▼

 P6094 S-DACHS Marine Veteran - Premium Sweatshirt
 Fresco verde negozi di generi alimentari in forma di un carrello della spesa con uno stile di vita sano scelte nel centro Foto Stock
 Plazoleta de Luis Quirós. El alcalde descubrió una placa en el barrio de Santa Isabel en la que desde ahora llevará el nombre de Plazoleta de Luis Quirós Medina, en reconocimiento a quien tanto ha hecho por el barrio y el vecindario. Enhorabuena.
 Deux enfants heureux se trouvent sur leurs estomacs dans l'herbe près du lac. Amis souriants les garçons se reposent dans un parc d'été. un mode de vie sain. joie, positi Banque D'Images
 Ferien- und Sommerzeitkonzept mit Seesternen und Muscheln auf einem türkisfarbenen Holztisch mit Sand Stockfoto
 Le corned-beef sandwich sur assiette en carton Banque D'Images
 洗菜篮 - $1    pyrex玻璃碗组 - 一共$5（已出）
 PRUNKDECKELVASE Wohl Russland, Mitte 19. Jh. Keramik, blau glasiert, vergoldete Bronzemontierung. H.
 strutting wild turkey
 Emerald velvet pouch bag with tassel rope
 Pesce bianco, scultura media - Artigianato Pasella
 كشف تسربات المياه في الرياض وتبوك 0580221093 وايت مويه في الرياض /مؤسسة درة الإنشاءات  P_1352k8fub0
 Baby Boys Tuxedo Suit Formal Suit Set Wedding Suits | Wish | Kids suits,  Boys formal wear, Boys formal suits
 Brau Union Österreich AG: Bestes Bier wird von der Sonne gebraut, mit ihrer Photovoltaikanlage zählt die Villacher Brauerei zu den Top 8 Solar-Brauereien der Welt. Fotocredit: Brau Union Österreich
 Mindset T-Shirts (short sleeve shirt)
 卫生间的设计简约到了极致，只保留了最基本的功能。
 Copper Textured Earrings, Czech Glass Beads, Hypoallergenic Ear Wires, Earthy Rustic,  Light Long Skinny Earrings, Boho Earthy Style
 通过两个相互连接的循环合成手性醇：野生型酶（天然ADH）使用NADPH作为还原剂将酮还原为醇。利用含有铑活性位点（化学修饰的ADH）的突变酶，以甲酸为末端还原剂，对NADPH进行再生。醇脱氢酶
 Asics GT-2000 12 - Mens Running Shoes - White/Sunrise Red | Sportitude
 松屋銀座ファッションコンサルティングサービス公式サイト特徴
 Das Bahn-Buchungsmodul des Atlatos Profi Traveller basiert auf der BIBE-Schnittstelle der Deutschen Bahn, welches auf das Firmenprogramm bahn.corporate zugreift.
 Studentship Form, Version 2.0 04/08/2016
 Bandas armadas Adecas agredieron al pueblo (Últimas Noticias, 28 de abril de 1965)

▲

Task prompt ▸ Only lines that contain the string "Images" count; pick each one out of the records and copy it.

Task response ▸
 Deux enfants heureux se trouvent sur leurs estomacs dans l'herbe près du lac. Amis souriants les garçons se reposent dans un parc d'été. un mode de vie sain. joie, positi Banque D'Images
 Le corned-beef sandwich sur assiette en carton Banque D'Images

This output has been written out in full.